Stop blaming – blaming is very draining. Take full responsibility for your part in creating the situation and learn from it so that it won’t happen again next time. If you slip at one stage of your goal, re-plan it and restart. Act before you lose valuable momentum.
Rally Your Expert Team
Be willing to do whatever it takes to get the support you need. No one does it all alone. High-performing athletes have a team of expert support staff to help them get to the Olympics – physios, nutritionists, doctors, massage therapists, trainers, coaches, publicists, sponsors and a supportive network of family, friends and fans. If we plan to be high performers in our business and our life we need to rally our own expert team.

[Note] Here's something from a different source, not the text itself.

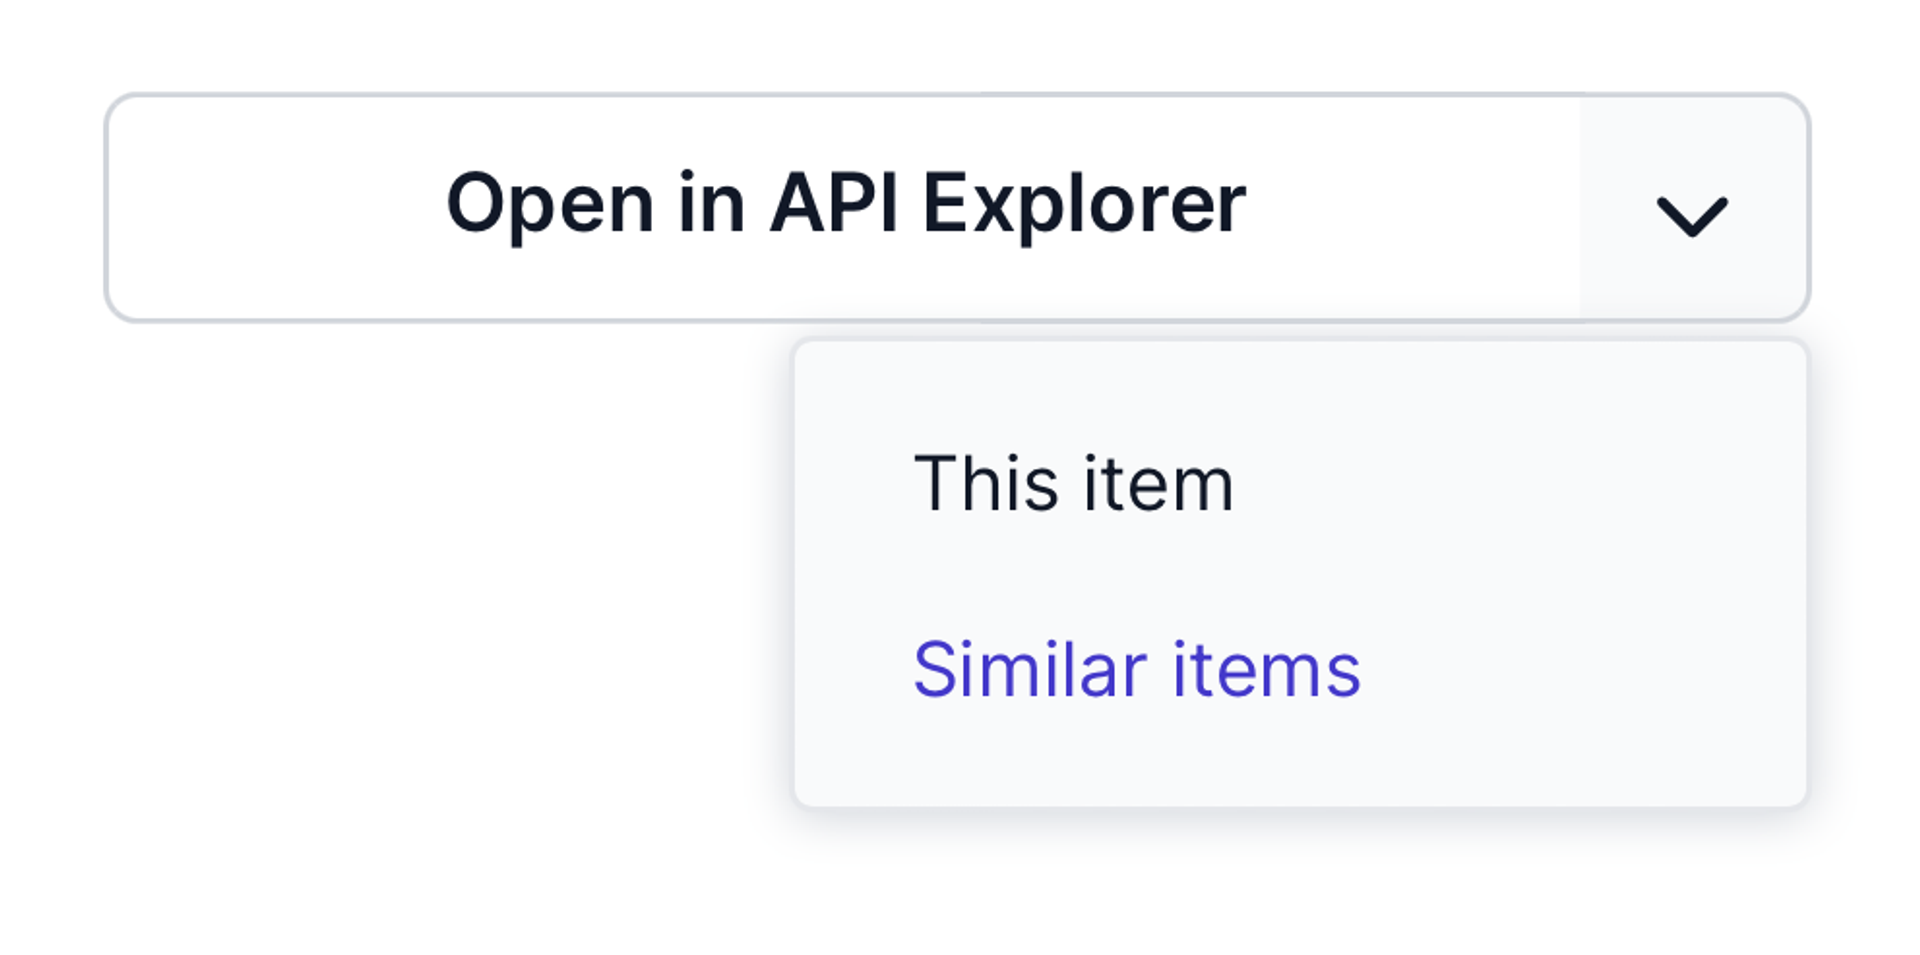 Open in API explorer similar items

On a page make a list of everyone you can imagine who could help you achieve your goal, rule a line and on the other side of the page write down what it is you need from each of these people. Include a time frame for when you will ask for their help. Use the support of those you trust, respect and admire to help you reach your goals. Get a coach or join a goal achievement group to add to the strength of your expert team.
*1 Burns, S., Goal Achiever”s Program, 2000
*2 Lonier, T., Working Solo (2nd edition), 1998, John Wiley and Sons
*3 Ford, M.E., Motivating Humans: goals emotions and personal agency beliefs, 1992, Sage, Newbury Park California,
*4 Buehler,R., Griffin, D. and Ross, M., Exploring the Planning Fallacy, Journal of Personality and Social Psychology, 1994, Vol. 6, No. 3
*5 Burns, S., Goal Achiever”s Program 2000, class video tape
*6 Anderson, C.A., Imagination and Expectation: The Effects of Imagining Behavioural Scripts on Personal Intentions, Journal of Personality and Social Psychology 1983, Vol. 45, No 2, 293-305
Acknowledgement goes to Stephanie Burns for her pivotal work in this area and for many of the ideas that have been incorporated into Sally’s approach to goal achievement.